Requests are received by both types of load balancers and they are distributed to a particular server based on a
configured algorithm. Some industry standard algorithms are:
Round robin
Least connections
Layer 7 load balancers can further distribute requests based on application specific data such as HTTP headers, cookies,
or data within the application message itself, such as the value of a specific parameter.
SSL offloading relieves a Web server of the processing burden of encrypting and/or decrypting traffic sent via SSL
The processing is offloaded to a separate device designed specifically to performSSL acceleration or SSL termination.
Node or server
host: server/application
Health monitoring(by ping, service pint, scripts) is based upon the service insted of server.
virtual server usually includes the application port was well as the IP address.
Persistance:it is extremely important that multiple connections from the same user go to the same back-end service
host and not be load balanced. This concept is called persistence, or server affinity.
Connection maintenance
If the user is trying to utilize a long-lived TCP connection (telnet, FTP, and more) that doesn't immediately close, the load
balancer must ensure that multiple data packets carried across that connection do not get load balanced to other
available service hosts.
The basic load balancing transaction is as follows:
The client attempts to connect with the service on the load balancer.

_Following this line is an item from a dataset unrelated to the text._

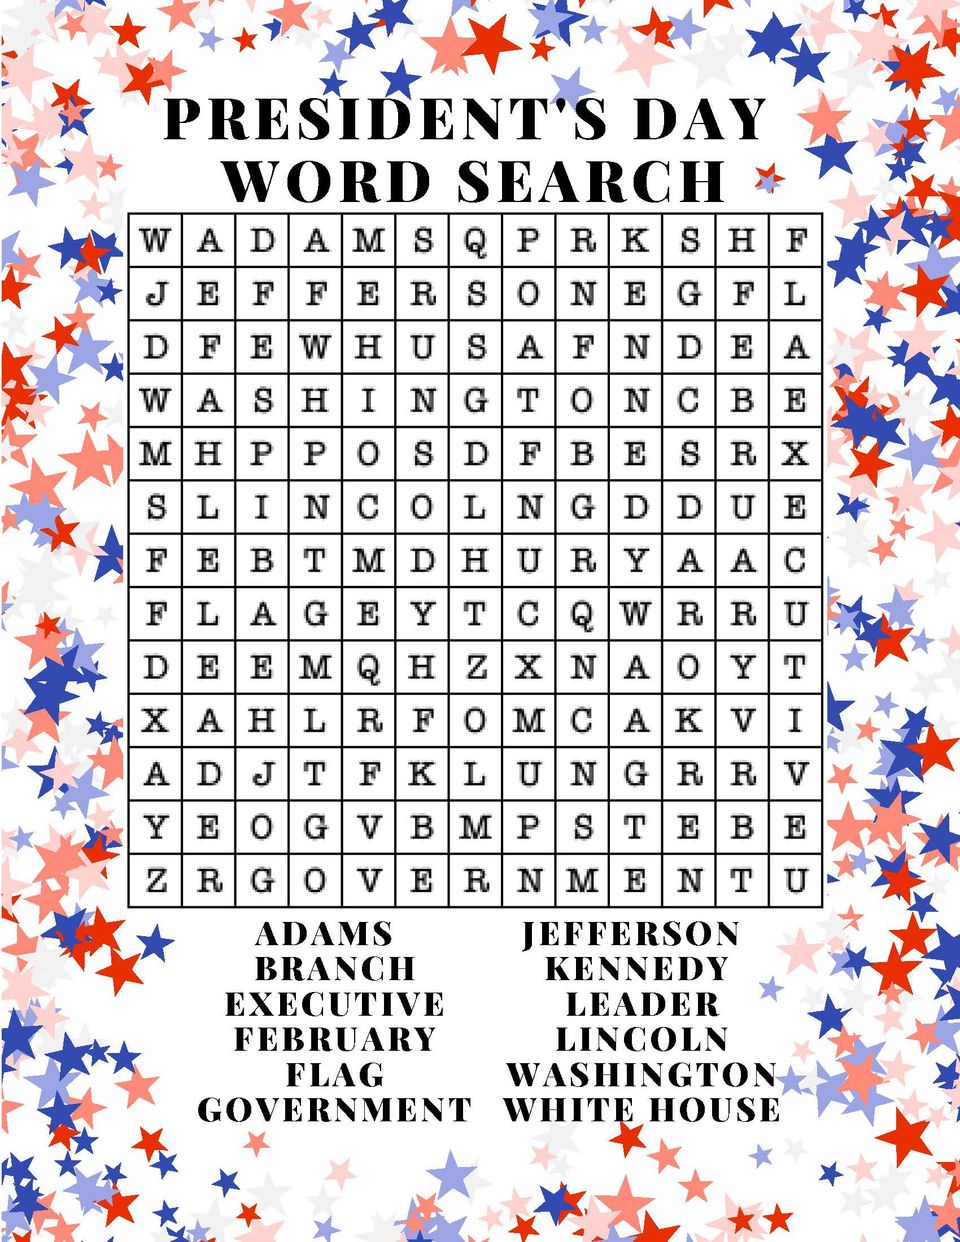 President's Day Word Search
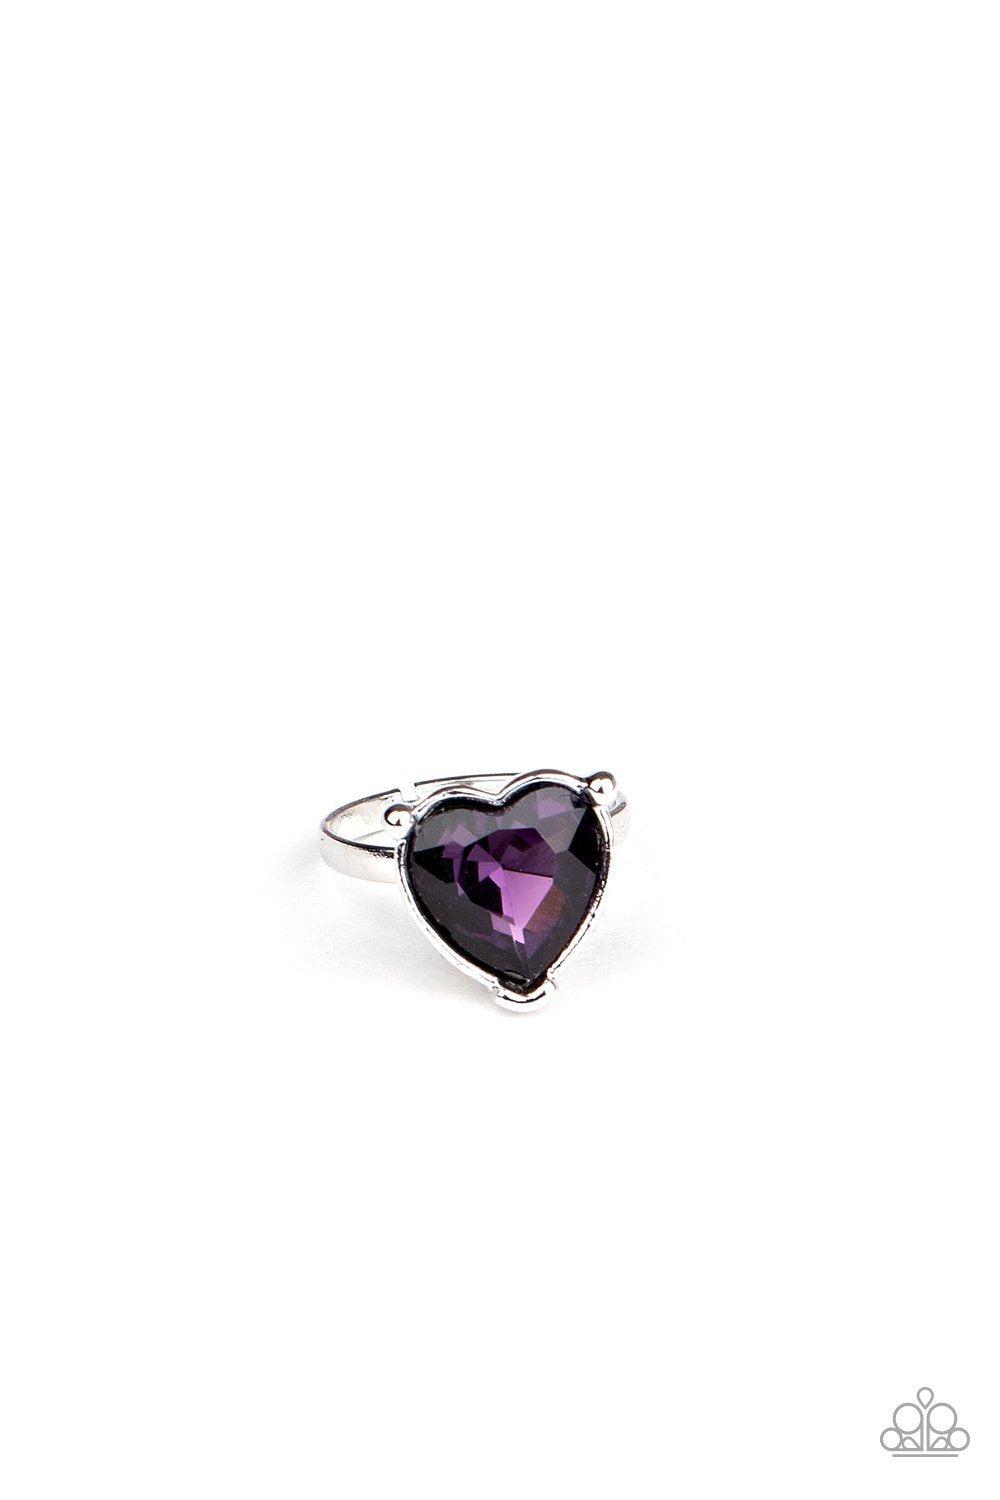 Starlet Shimmer Children&#39;s Gem Heart Rings - Paparazzi Accessories (set of 5)-CarasShop.com - $5 Jewelry by Cara Jewels

The load balancer accepts the connection, and after deciding which host should receive the connection, changes the
destination IP (and possibly port) to match the service of the selected host (note that the source IP of the client is not
touched).
The host accepts the connection and responds back to the original source, the client, via its default route, the load
balancer.
The load balancer intercepts the return packet from the host and now changes the source IP (and possible port) to
match the virtual server IP and port, and forwards the packet back to the client.
The client receives the return packet, believing that it came from the virtual server, and continues the process.